Lateral overturning process and failure mechanism of curved steel-concrete composite box-girder bridges under specific overloading vehicles

Abstract

Curved steel–concrete composite girders are regularly adopted for use in ramp bridges in urban overpasses. As such, it is important that the lateral overturning stability of girders supported by single-column piers is analyzed. In order to comprehensively evaluate the lateral overturning mechanism of girders, this paper carries out a full-range nonlinear analysis of the lateral overturning process of a three-span curved steel–concrete composite box girder based on the explicit dynamic finite element (FE) method. According to the FE analysis results and actual forces acting on the structure, a new method for analyzing overturning stability considering the corresponding limit state is proposed. The results show that the overturning process can be divided into three stages: (i) small girder rotation; (ii) large girder rotation; and (iii) lateral displacement and overturning.

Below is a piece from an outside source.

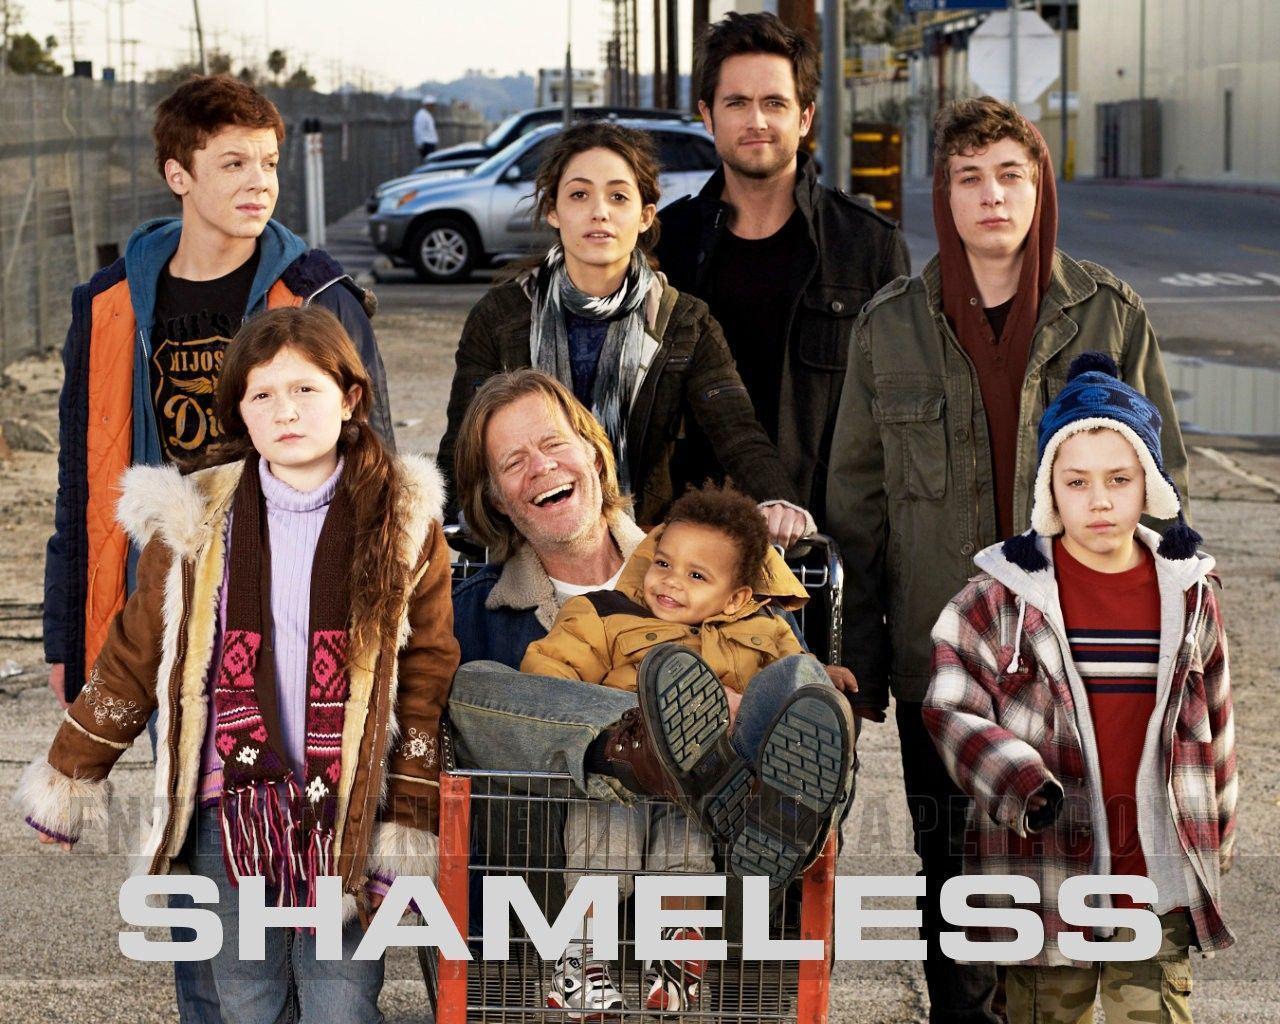 Shameless Wallpaper - Original size, download now. - Shameless ...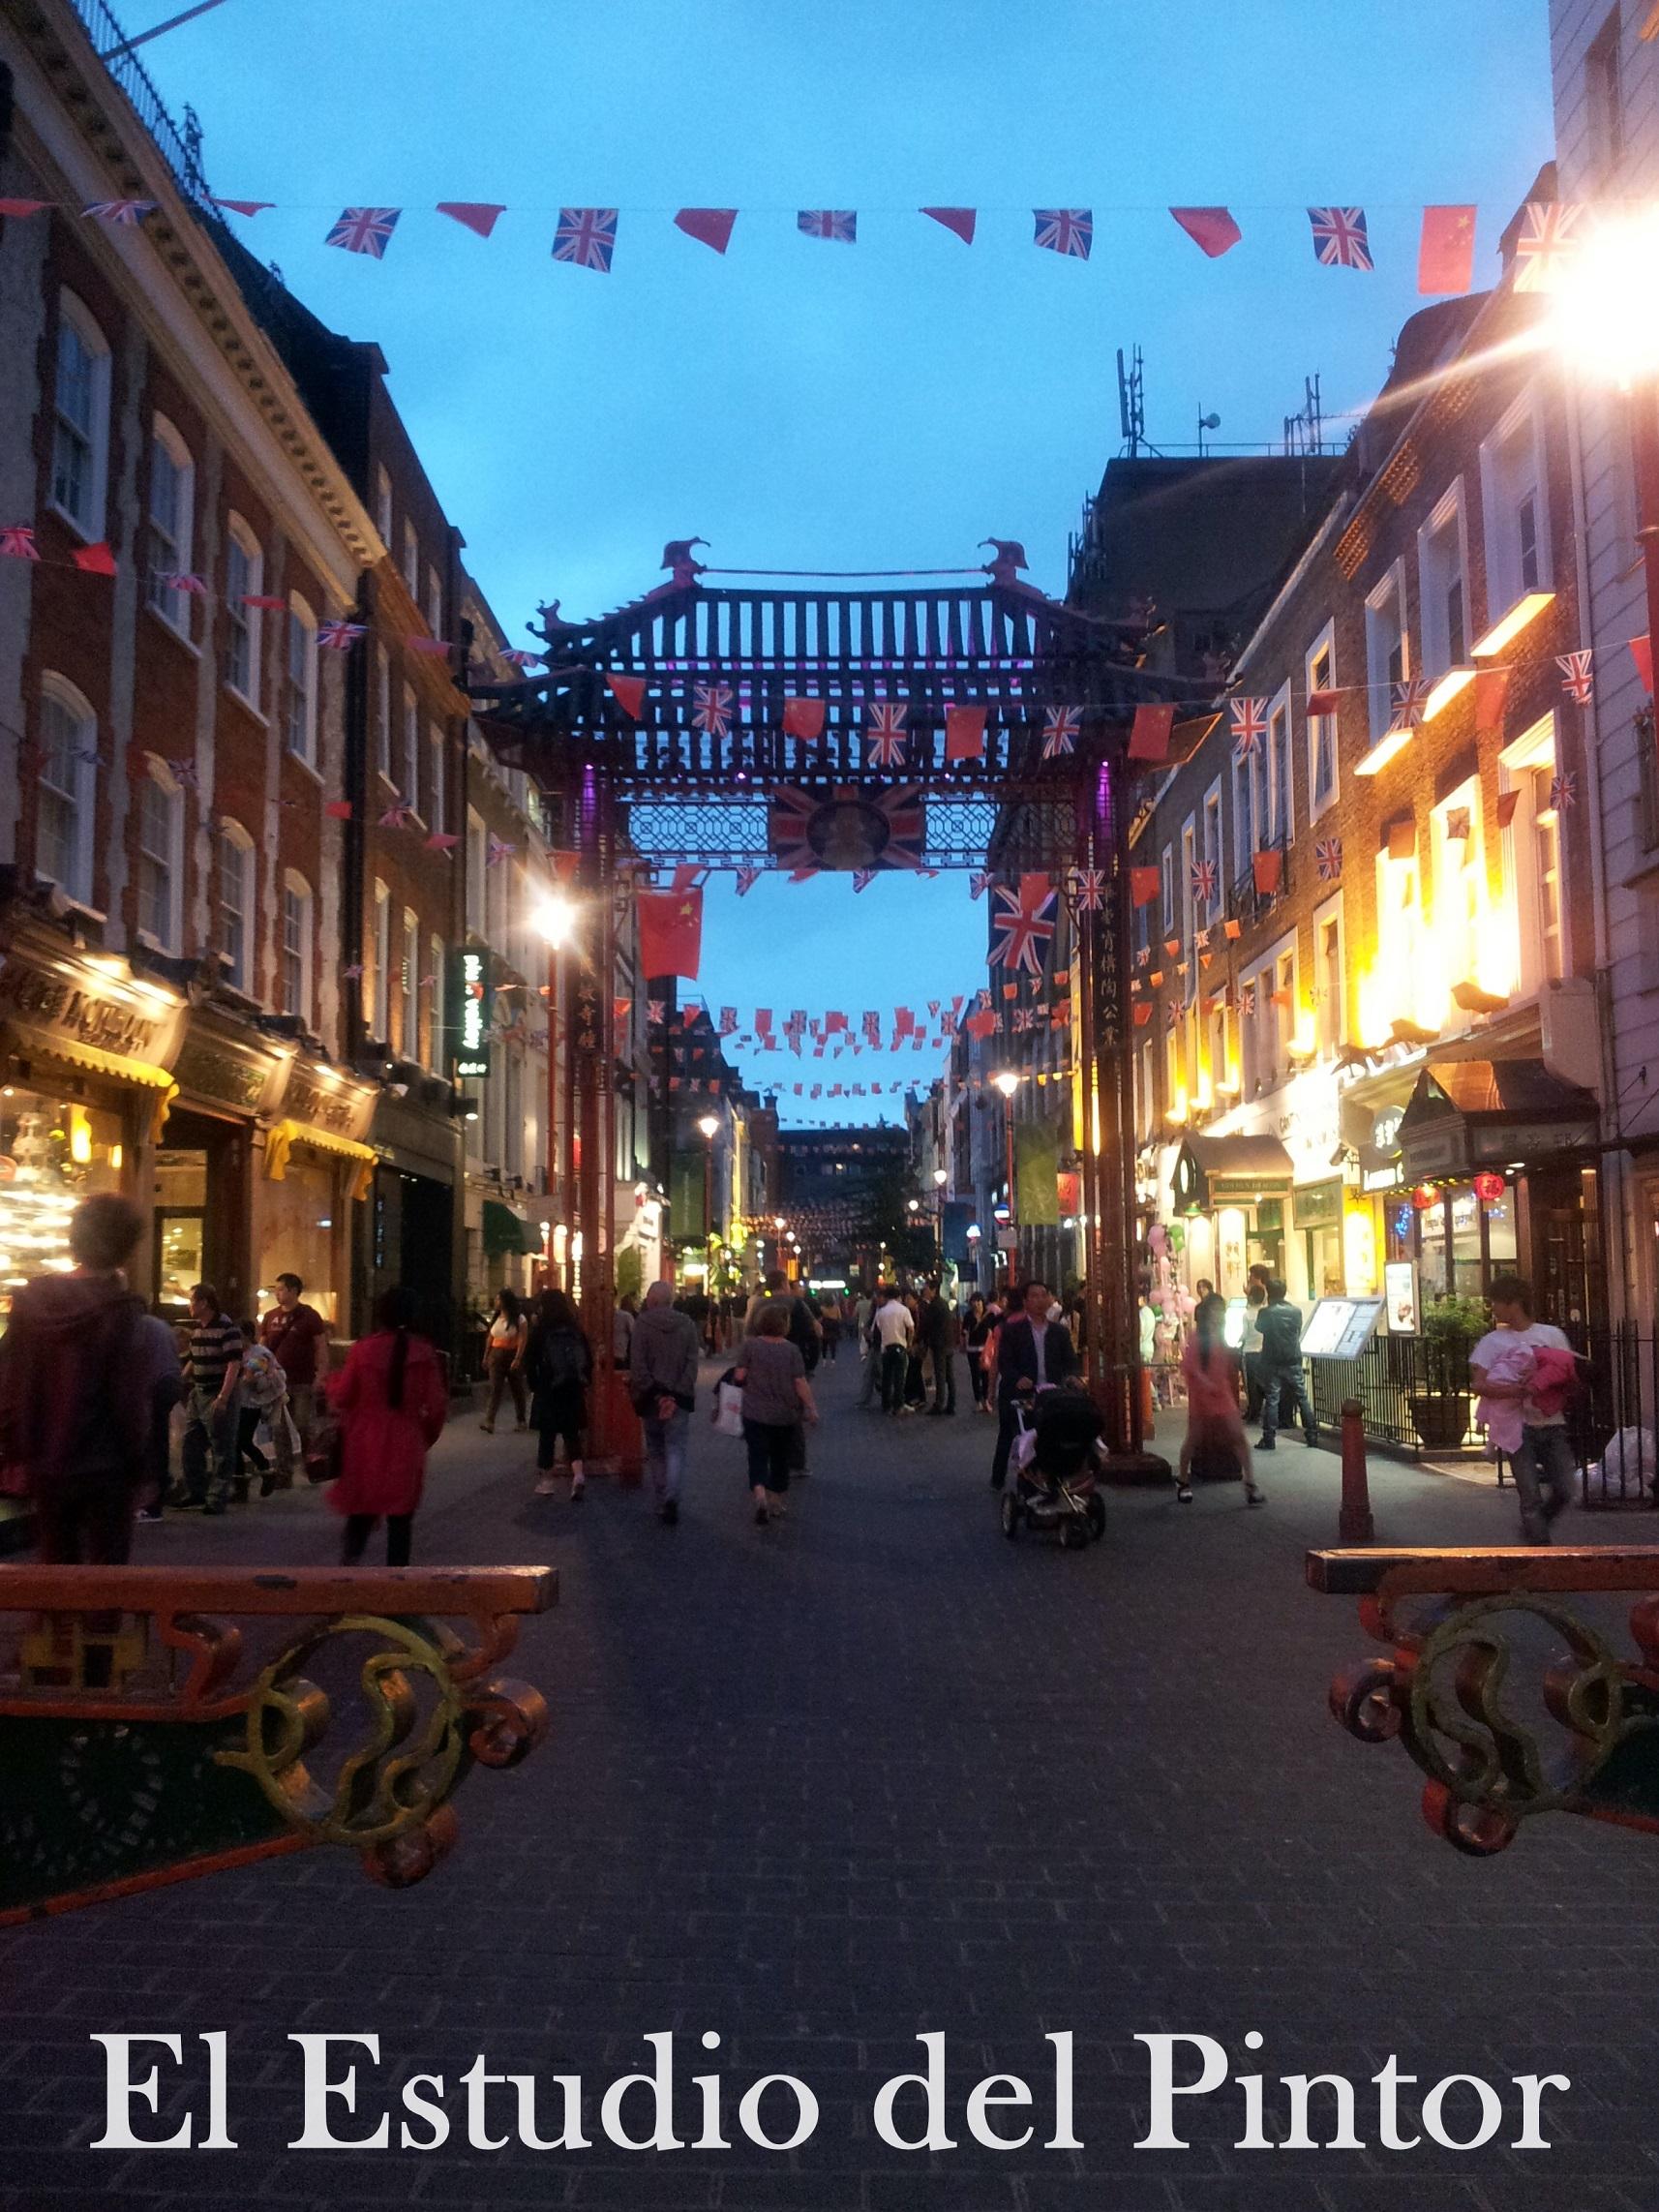 11. Chinatown

The mechanical behaviors, overturning processes and failure characteristics of curved steel–concrete composite girders are similar to those of typical concrete box girders. However, some distinct characteristics, including the crawling behavior of girders and buckling of bottom plates, only exist in composite girders. The proposed overturning stability checking method is found to be more appropriate for determining the bearing capacity of girders on the ultimate limit state than the current design method described in the specifications (JTG 3362-2018). Some measures – such as setting lateral movement limiting devices, setting pre-eccentricity of supports and increasing the distance between supports which can considerably improve the lateral overturning stability of steel–concrete composite girders – are highlighted.